In the last few months and years, my city has been in the midst of a growing national conversation about monuments in civic squares memorializing Confederate soldiers. A common refrain I’ve heard from citizens opposed to their relocation or removal is one of rewriting history.

I love the history of my native South. I love its folklore and music. I love the fried food and the rituals of summers on the porch and winters where 45 degrees is way too cold. I love its almost irrational love of college football and the way people who've never met strike up full conversations at the post office. I love the lazy, sing-song accents. I love its story.

But I don’t love our attempts to nuance our story, rewrite it, or completely ignore huge narratives because they don’t show us in our best light. If I don’t love the fallen parts of the South, I don’t really love it. Love is not only about the shiny, pretty parts. Love is also about recognizing the tragic, even immoral aspects and being present to those stories.
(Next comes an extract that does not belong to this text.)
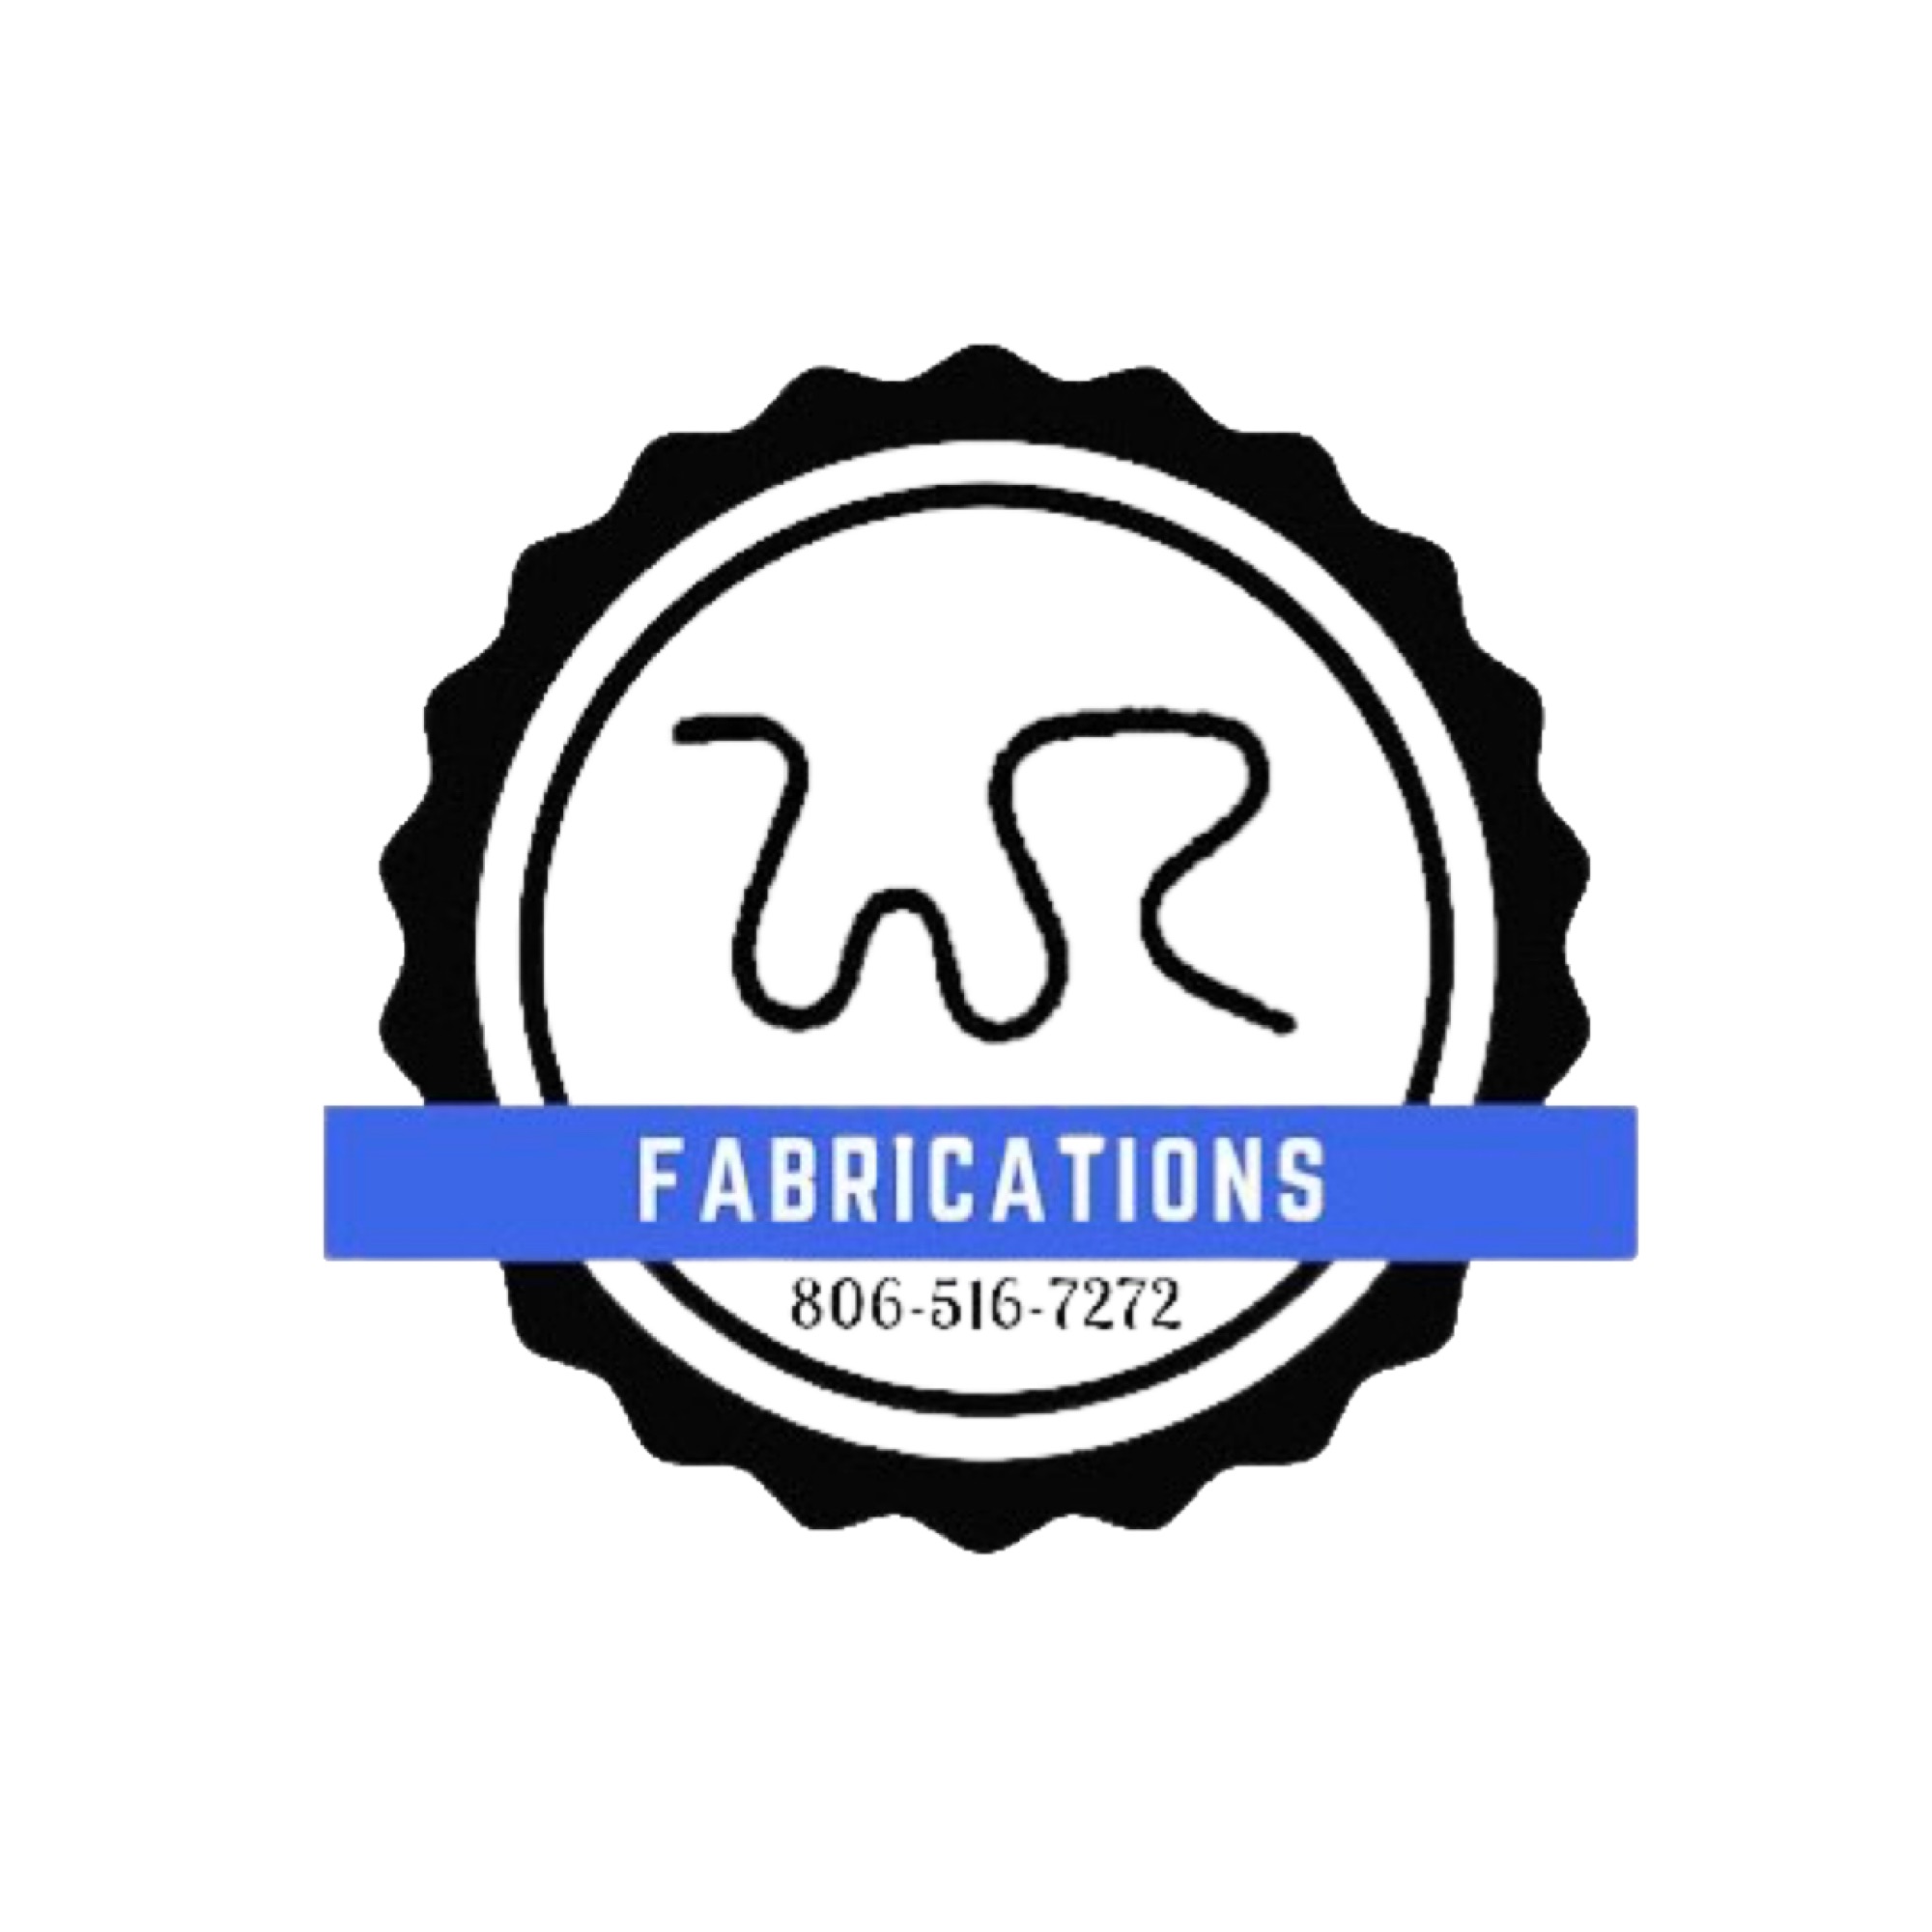 Welded Right Fabrications Logo

Love demands I know the full story, not just the parts that make me feel comfortable and proud.

I don’t love the desire to make us as white southerners seem better than we were and that our past of profiting from slavery doesn’t have a direct profit in white privilege today. Faith doesn't ignore the messy, tragic, and evil parts of our story with God. Faith demands we don't ignore the messy, tragic, and evil parts of our story as a people, region, and country, either. 

Civil War statues in military parks and cemeteries tell a story of the deep cost of war in human lives. The fable of the romantic nobility of the Civil War is quickly erased as tens of thousands of candles, each representing a human casualty at Antietam, flicker at night. War is a narrative of tragedy and loss, but it, too is a story we must tell.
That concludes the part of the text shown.